1. A phacoemulsification apparatus, comprising:

a rotary reciprocating hand piece;

a rotary cutting bit connected to said hand piece; and

a device for driving and controlling said hand piece, said device configured for driving and rotating said hand piece and said rotary cutting bit in a high frequency reciprocating motion.

2. An apparatus according to claim 1, wherein said hand piece is an ultrasonic hand piece.

3. An apparatus according to claim 2, wherein said ultrasonic hand piece includes an ultrasonic transducer.

4. An apparatus according to claim 3, wherein said ultrasonic transducer is configured for ultrasonically driving said rotary cutting bit in a high frequency rotary reciprocating motion.

5. An apparatus according to claim 3, wherein said ultrasonic transducer is configured for ultrasonically driving said rotary cutting bit in a high frequency translating motion.

6. An apparatus according to claim 4, wherein said ultrasonic transducer is configured for ultrasonically driving said rotary cutting bit in a high frequency translating motion.

7. An apparatus according to claim 1, including a sleeve surrounding at least a portion of said rotary cutting bit.

8. An apparatus according to claim 7, wherein said sleeve surrounds said rotary cutting bit except for a tip thereof.

9. An apparatus according to claim 1, wherein said rotary cutting bit is provided with a fluid passageway therethrough.

10. An apparatus according to claim 9, including:

a sleeve surrounding at least a portion of said rotary cutting bit;

a device for providing irrigation fluid into said hand piece; and

a device for providing aspiration fluid out of said hand piece.

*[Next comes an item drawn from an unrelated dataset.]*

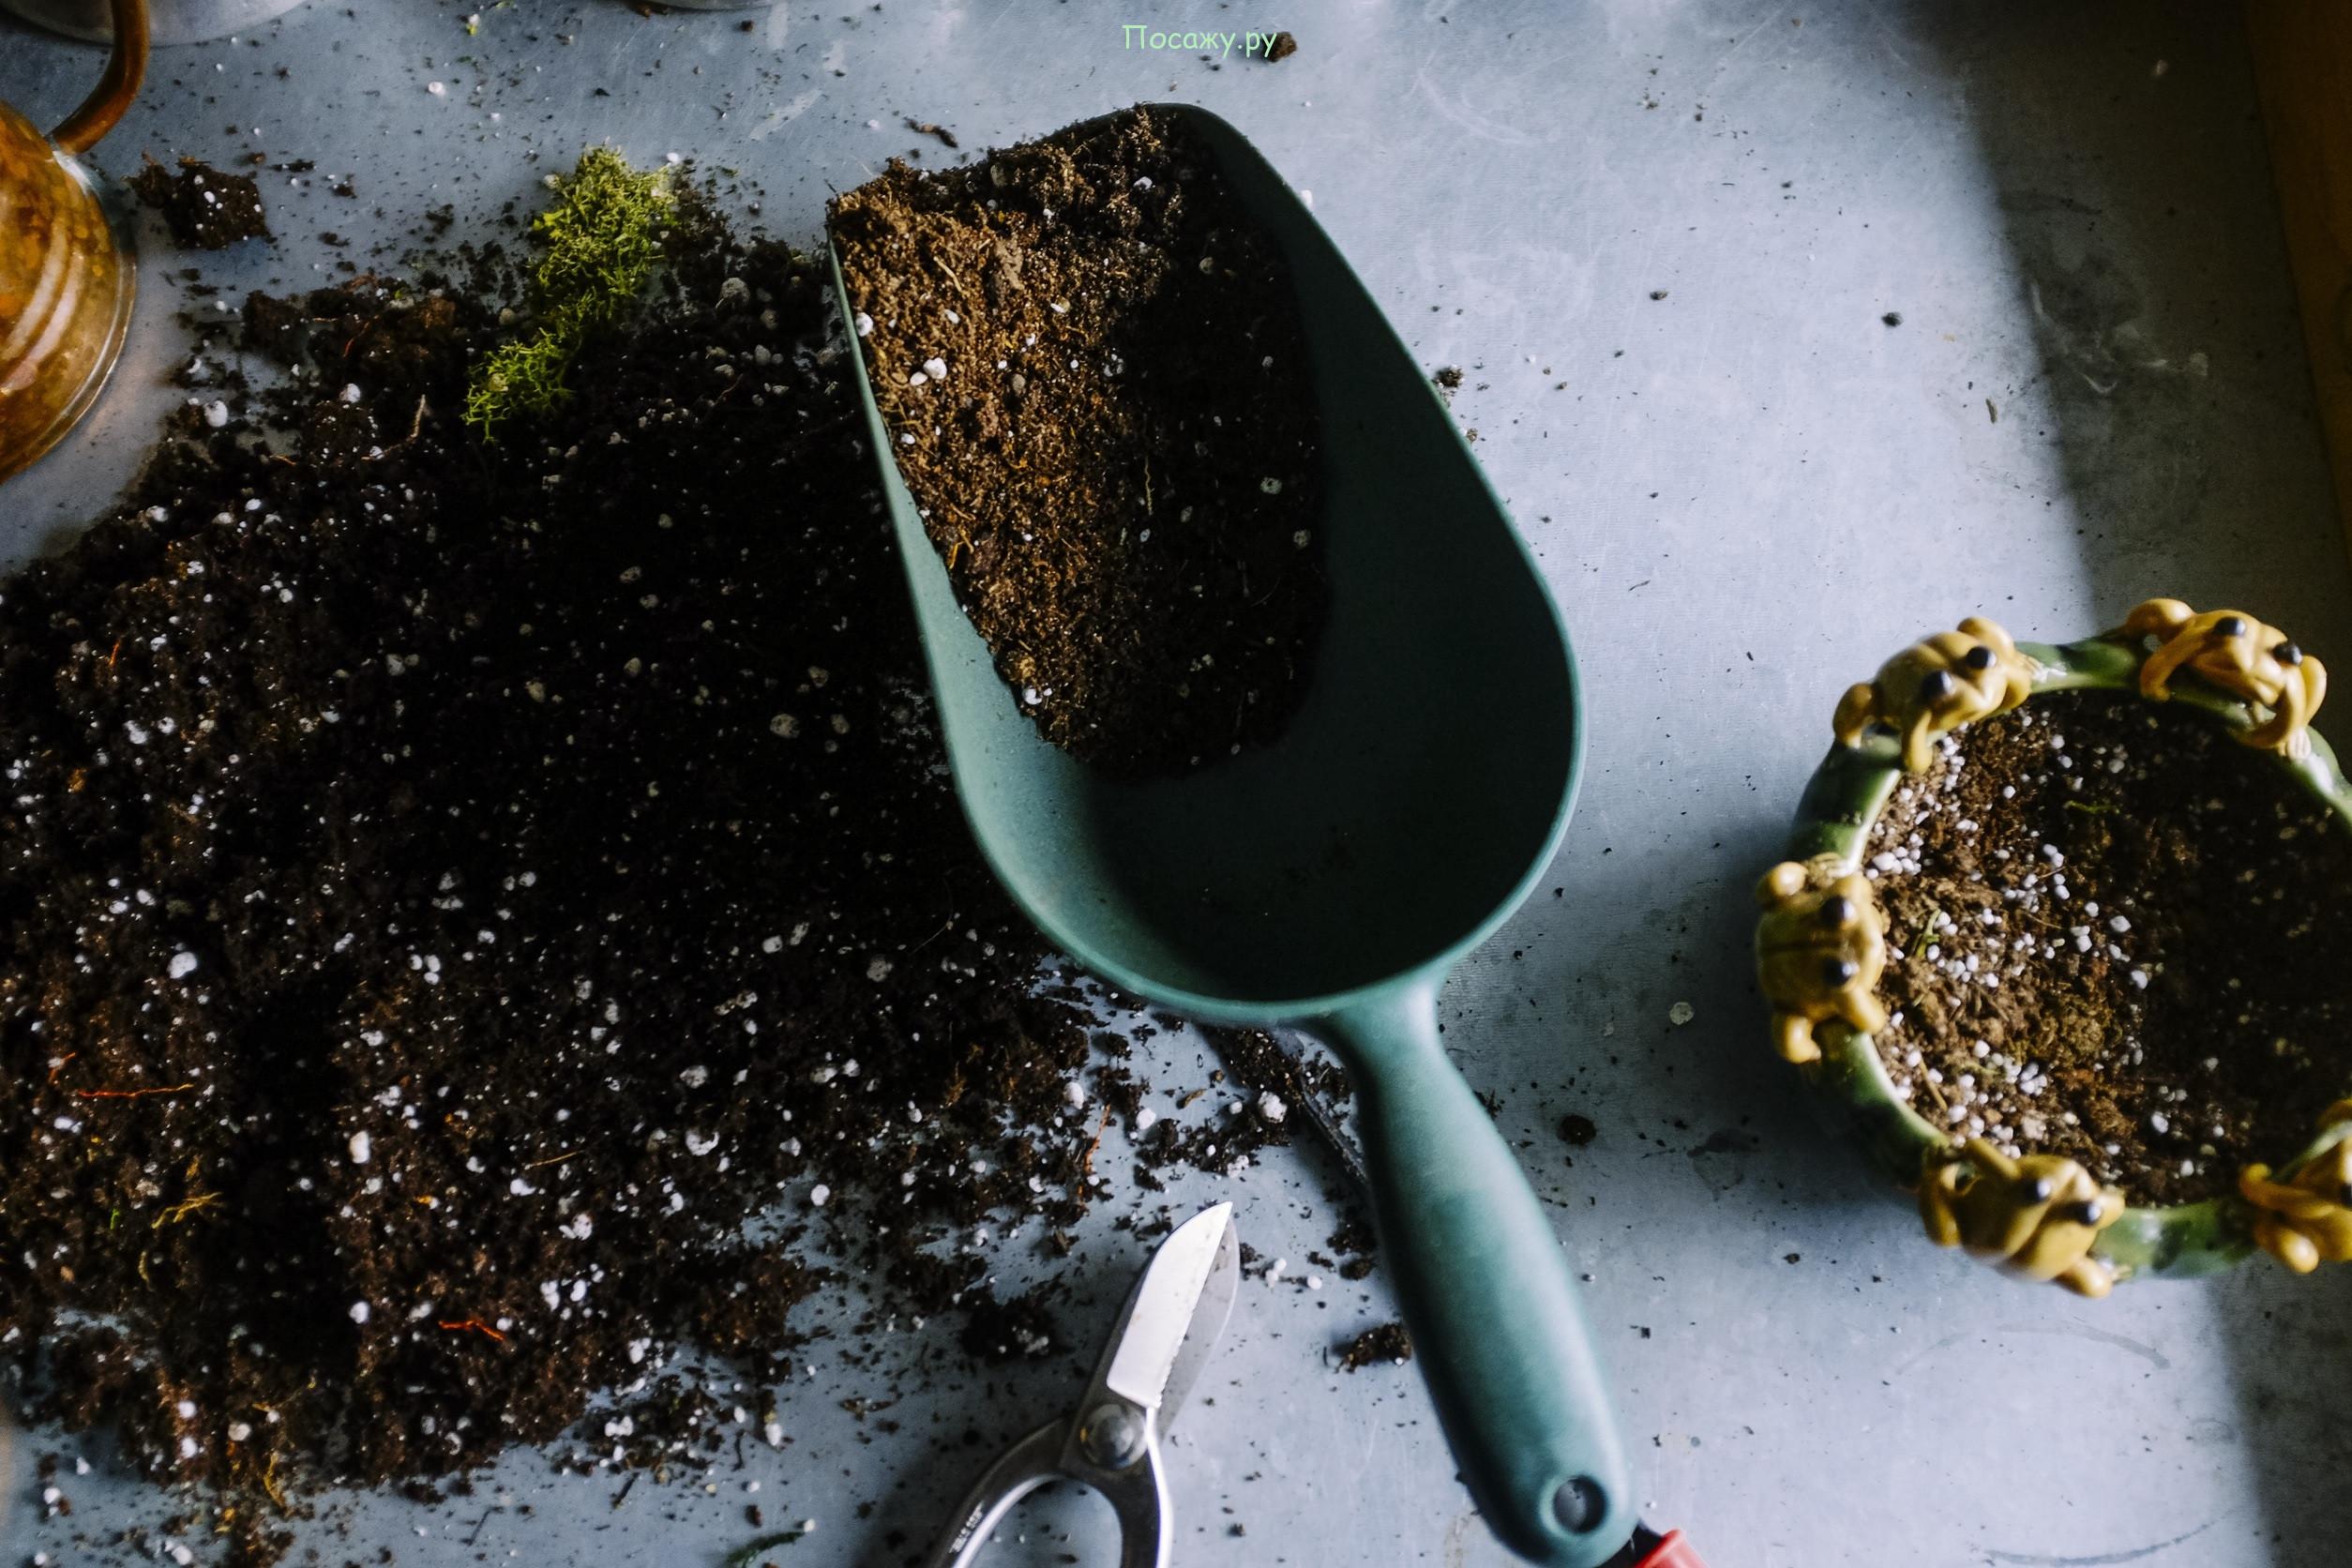 подготовка почвы для посева семян

11. An apparatus according to claim 10, wherein irrigation fluid is circulated within said hand piece through a first passageway defined by said fluid passageway provided in said rotary cutting bit and out of a tip of said sleeve, and aspiration fluid is then circulated into said tip of said sleeve and through a second passageway defined between said rotary cutting bit and said sleeve.

12. An apparatus according to claim 10, wherein irrigation fluid is circulated within said hand piece through a first passageway defined between said rotary cutting bit and said sleeve, and aspiration fluid is then circulated into said tip of said sleeve and through a second passageway defined by said fluid passageway provided in said rotary cutting bit.

13. An apparatus according to claim 1, wherein said rotary cutting bit is provided with cutting teeth provided on an end face thereof.

14. An apparatus according to claim 13, wherein said teeth are radially aligned extending from a center portion to an outer portion of said end face of said rotary cutting bit.